Raw Story (also stylized as RawStory) is an American progressive news website. It was founded in 2004 by John K. Byrne and is owned by Byrne and Michael Rogers.

History 
Byrne, the former editor-in-chief of The Oberlin Review, founded Raw Story after he graduated from Oberlin College in 2003. It was officially launched in 2004, with Rogers joining the same year.

In 2017, Raw Story was accepted as a member of the Association of Alternative News Media.

In April 2018, Raw Story partners John K. Byrne and Michael Rogers announced that they had acquired AlterNet via a newly created company, AlterNet Media, as well as the New Civil Rights Movement.

From 2019 to 2021, Raw Story partnered with Pulitzer Prize winner investigative journalist David Cay Johnston and his nonprofit news service DCReport, providing funding for DCReport's investigative reporting in exchange for original content for Raw Story's subscribers on financial regulation, taxes, energy, the environment, worker safety and corruption.

In 2023, Raw Story hired Dave Levinthal as Editor-in-Chief and Adam Nichols as Executive Editor with the goal of expanding investigative and enterprise reporting. Levinthal was deputy editor at Insider, and previously served at OpenSecrets, Politico and The Dallas Morning News. Adam Nichols was formerly Managing Editor at Patch.

Content 

Founder John Byrne described Raw Story as "focusing on news that's downplayed by mainstream media outlets". In 2014, then-executive editor Tony Ortega described Raw Story's editorial mission as trying to expose people "who try to exploit American ideas about fair play and equality by rigging things through their immense wealth or their discriminatory cultural myopia." In 2005, Newsweek described rawstory.com as: "Muck, raked: If you're looking for alleged GOP malfeasance, the folks at rawstory.com are frequently scooping the mainstream media."

In November 2008, Raw Story reported that the United Mine Workers of America, which had endorsed Barack Obama's presidential campaign, had come to Obama's defense after John McCain's presidential campaign criticized him for a comment he had made about coal to the editorial board of the San Francisco Chronicle earlier that January.
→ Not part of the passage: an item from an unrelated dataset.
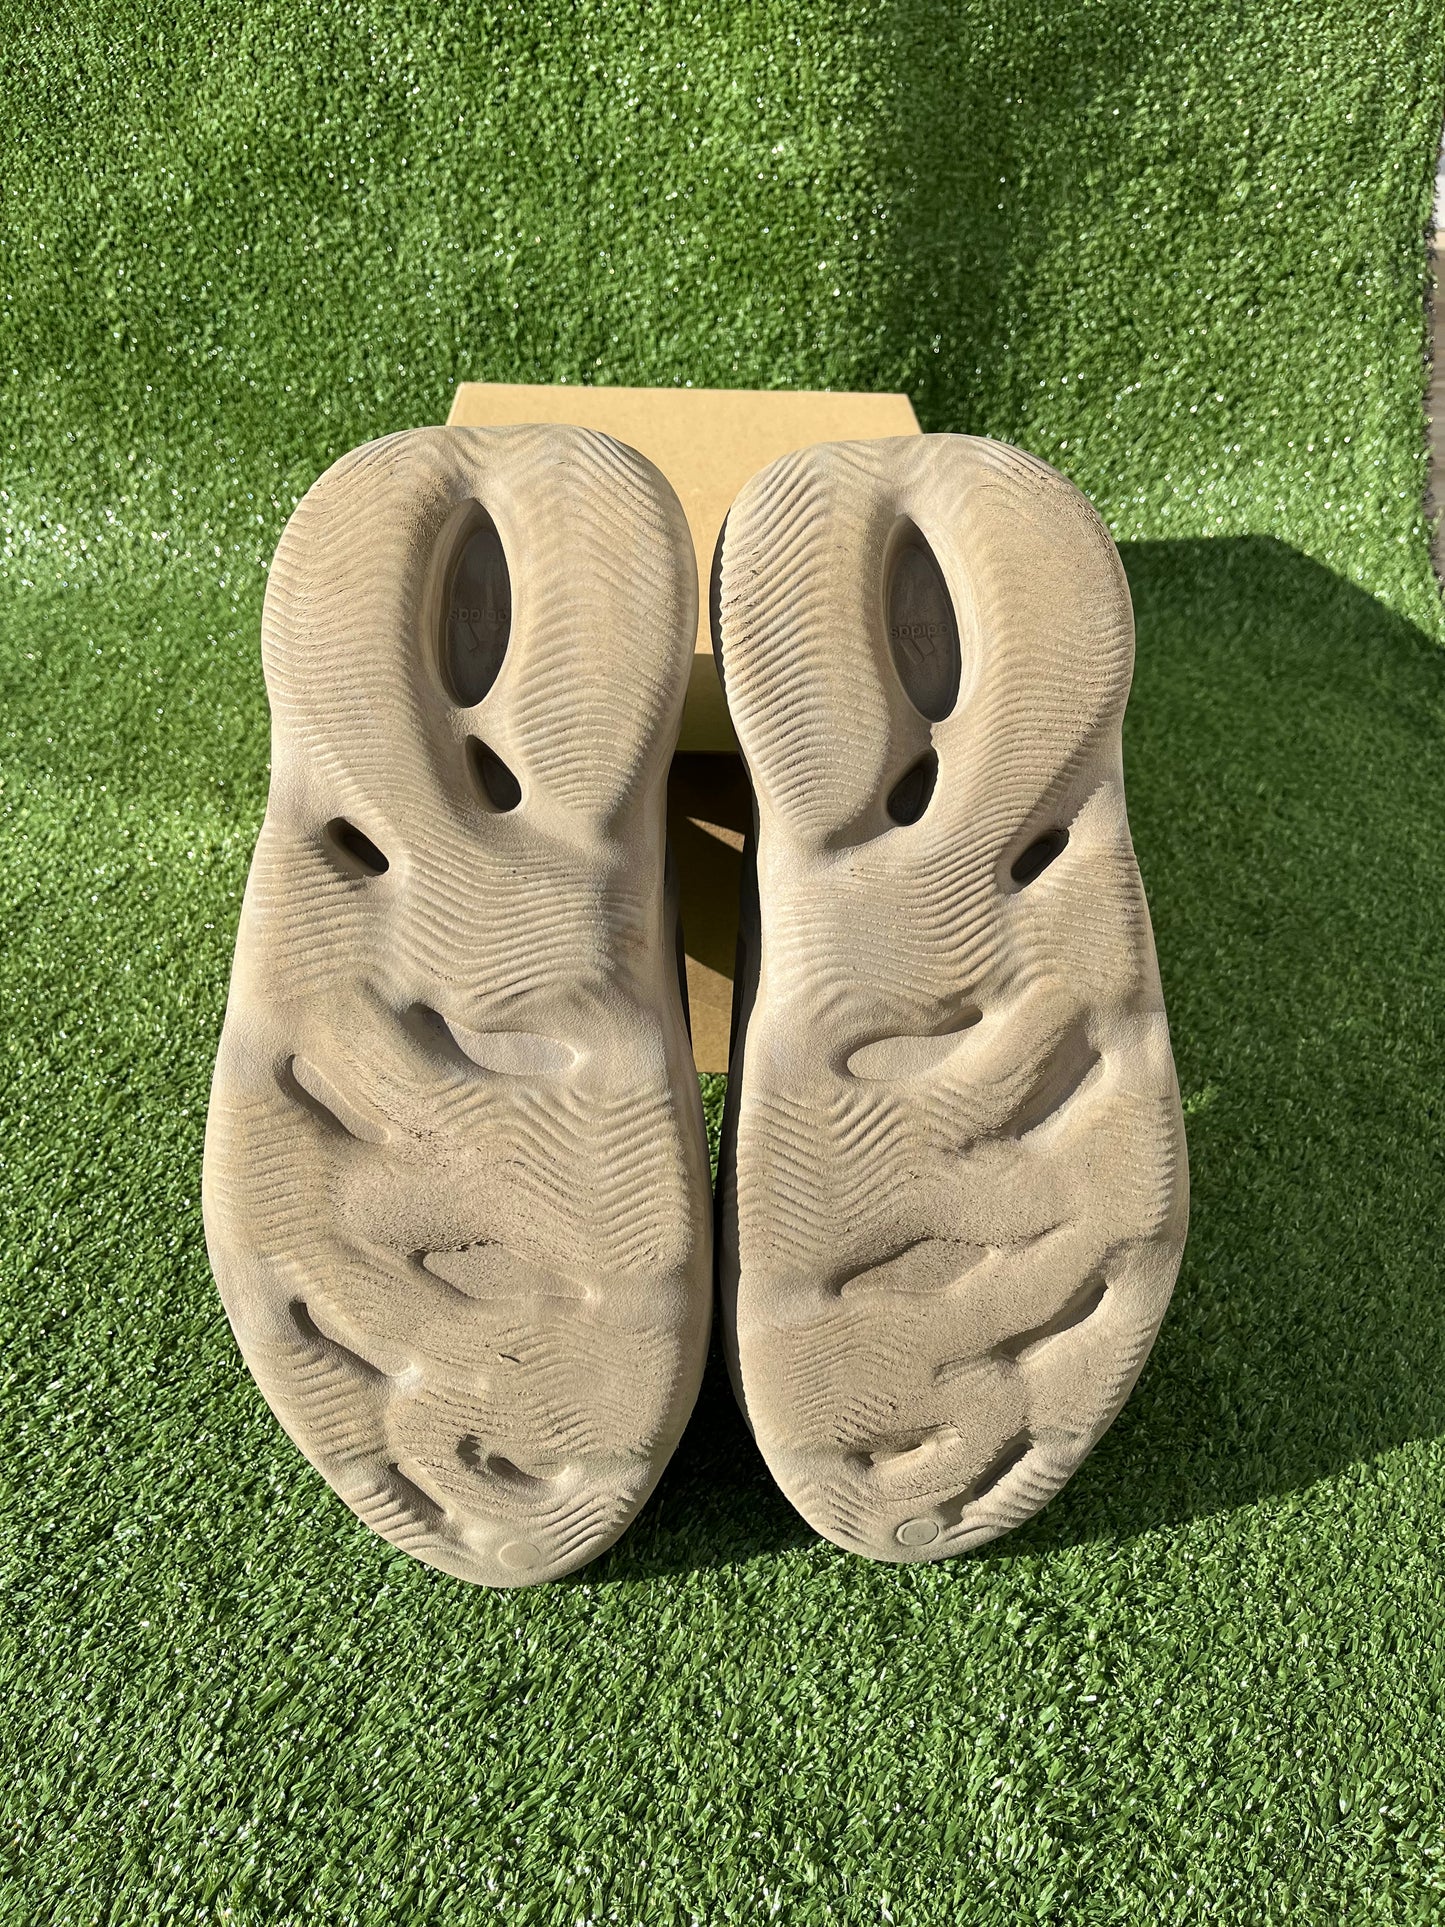 Yeezy Foam Runner - Stone Sage [US13-USED]

Environmental journalist Andrew Revkin cited the article by Raw Story in a post he wrote for The New York Times' Dot Earth blog, and Curtis Brainard, writing in the Columbia Journalism Review, described the article as "well-done".
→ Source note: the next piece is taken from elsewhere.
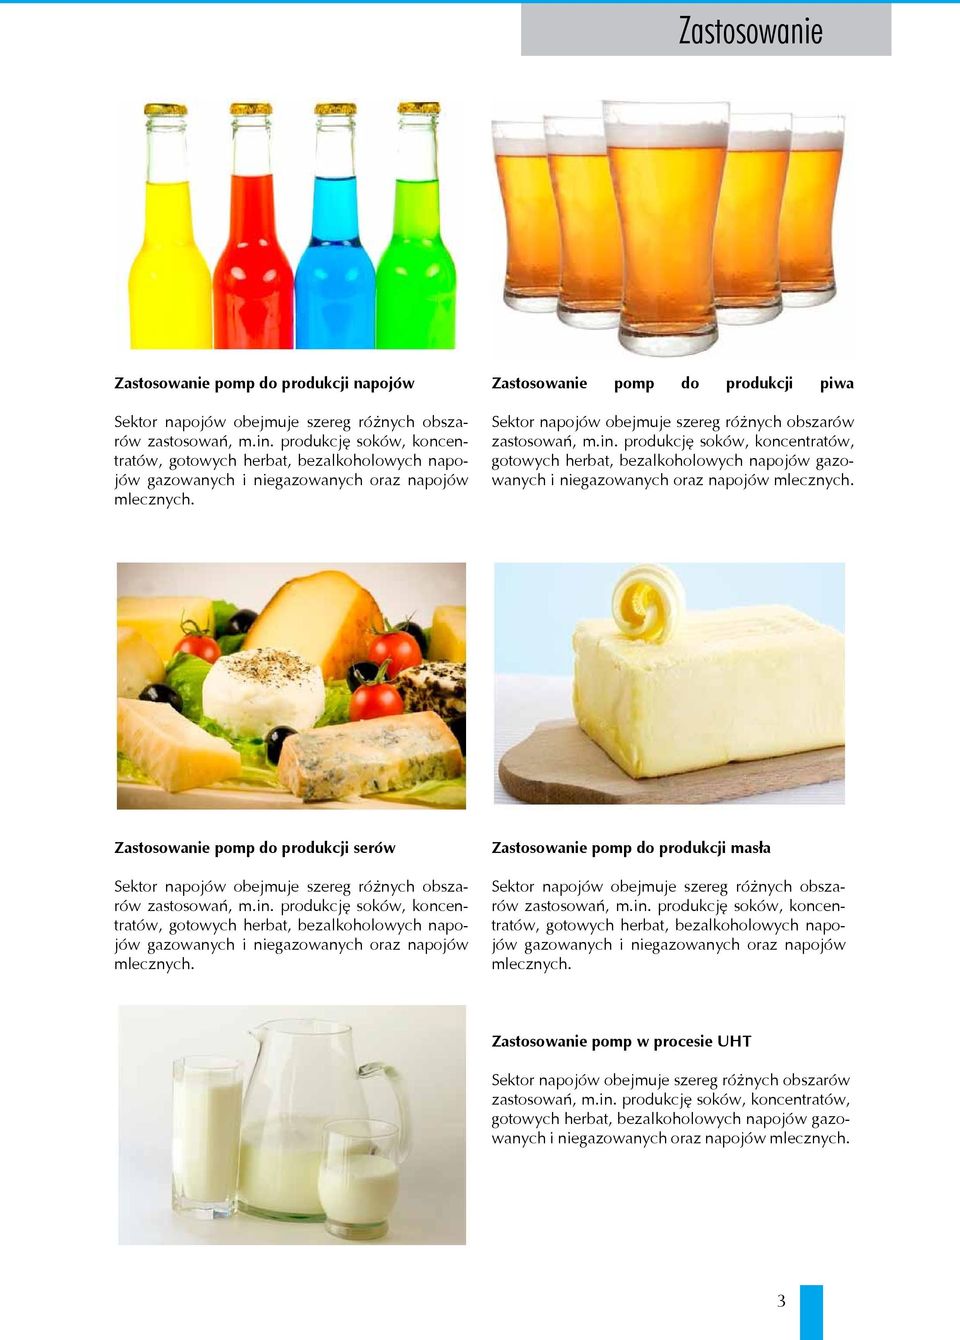 Zastosowanie pomp do produkcji piwa Sektor napojów obejmuje szereg różnych obszarów zastosowań, m.in.

In 2011, Raw Story was among the first outlets to report on the Apple assistant Siri apparently directing users away from abortion clinics and emergency contraception, instead providing results for the definition of emergency contraception or clinics far from the user. The assistant, still in beta testing at the time, could, however, provide users with methods to acquire Viagra or use escort services.
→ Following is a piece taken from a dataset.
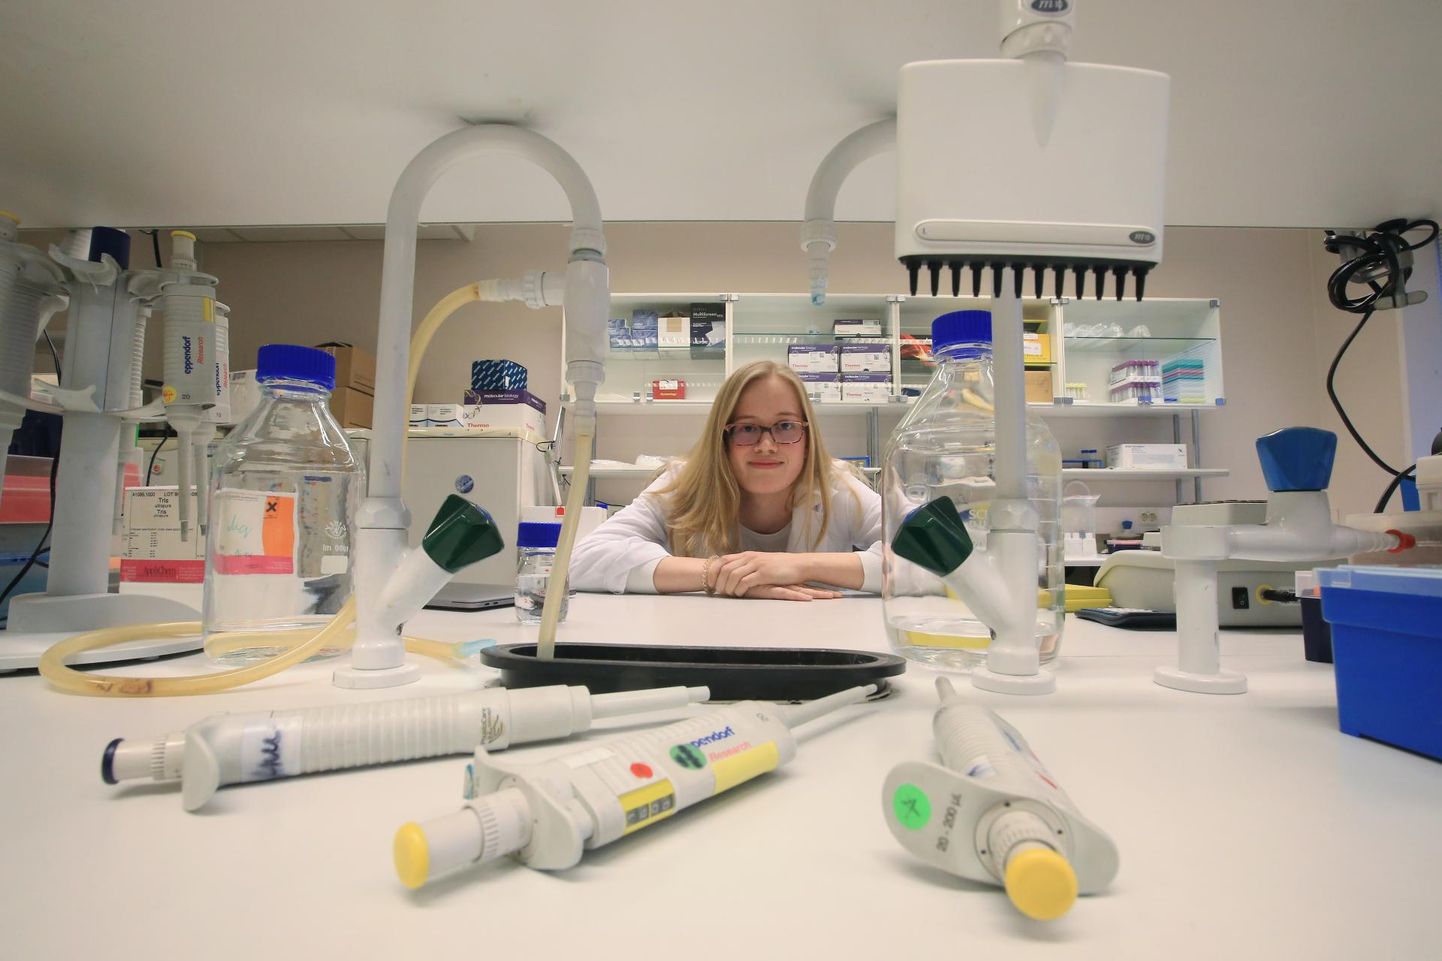 Tallinna reaalkooli 11. klassi õpilane Anna Pauliina Rumm käib iga kuu Tartus Biomeedikumi laboris teadustööd tegemas. Tema uurimus keskendub vananemisega kaasnevatele muutustele immuunsüsteemis.
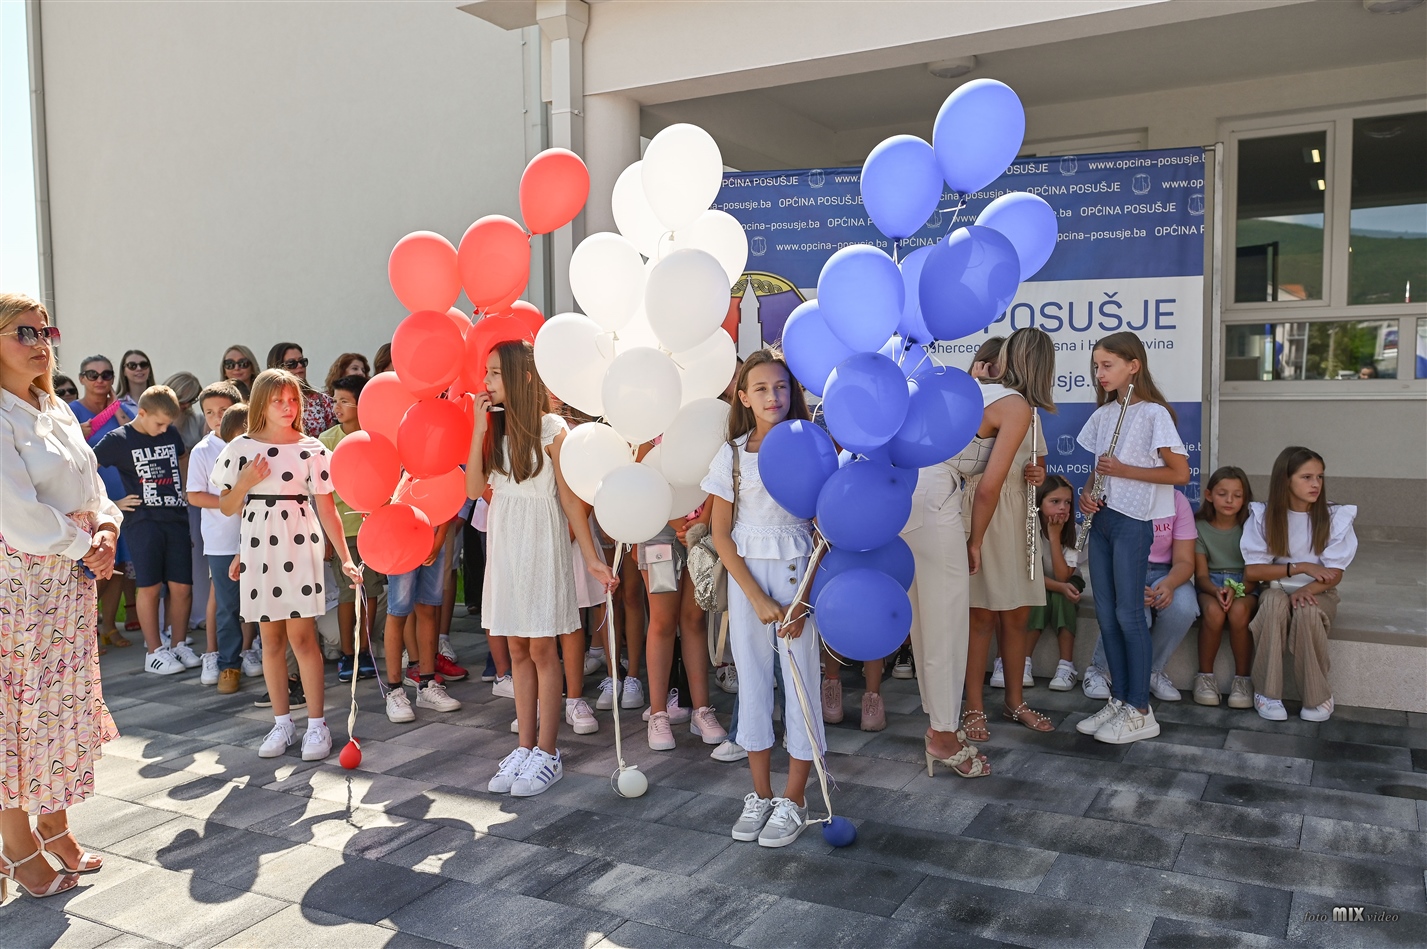 projekt desetljeća: u posušju svečano otvorena nova osnovna škola

The same year, Raw Story was the first to report on a United States Air Force contract to create fake social media profiles as a means of psychological warfare to be used against terrorist cells.

In 2012, then-executive editor Megan Carpentier wrote about undergoing a transvaginal ultrasound procedure in response to recent legislation in Virginia requiring an ultrasound prior to an abortion procedure.

In 2014, Jennifer Mascia published a column on gun violence after compiling records for The New York Times.

The same year, the outlet broke news of the connection between San Diego State University running back Adam Muema and Raymond "Lord Rayel" Howard-Lear. Howard-Lear claimed to be a prophet and made apocalyptic predictions online. Muema left the 2014 NFL Scouting Combine early and did not attend the San Diego State Pro Day while sending cryptic messages to reporters.

In 2017, Raw Story investigative reporter Jordan Green reported from the ground of the Unite the Right rally, and in 2021 covered the civil trial which resulted in a $25 million judgment against the organizers of the rally. Green had been following the activities of extremist groups, learning their lingo, and communicating with them. He has learned that such groups precisely and strategically plan their violent clashes. "That revelation informs his new work — tracking where January 6th insurrectionists’ anger is now directed and how it may manifest again."

On February 15, 2021, Raw Story reported that South Dakota Governor Kristi Noem had used a state airplane to travel to conservative political events. The report led Democratic lawmakers to formally request that the state's attorney general investigate Noem.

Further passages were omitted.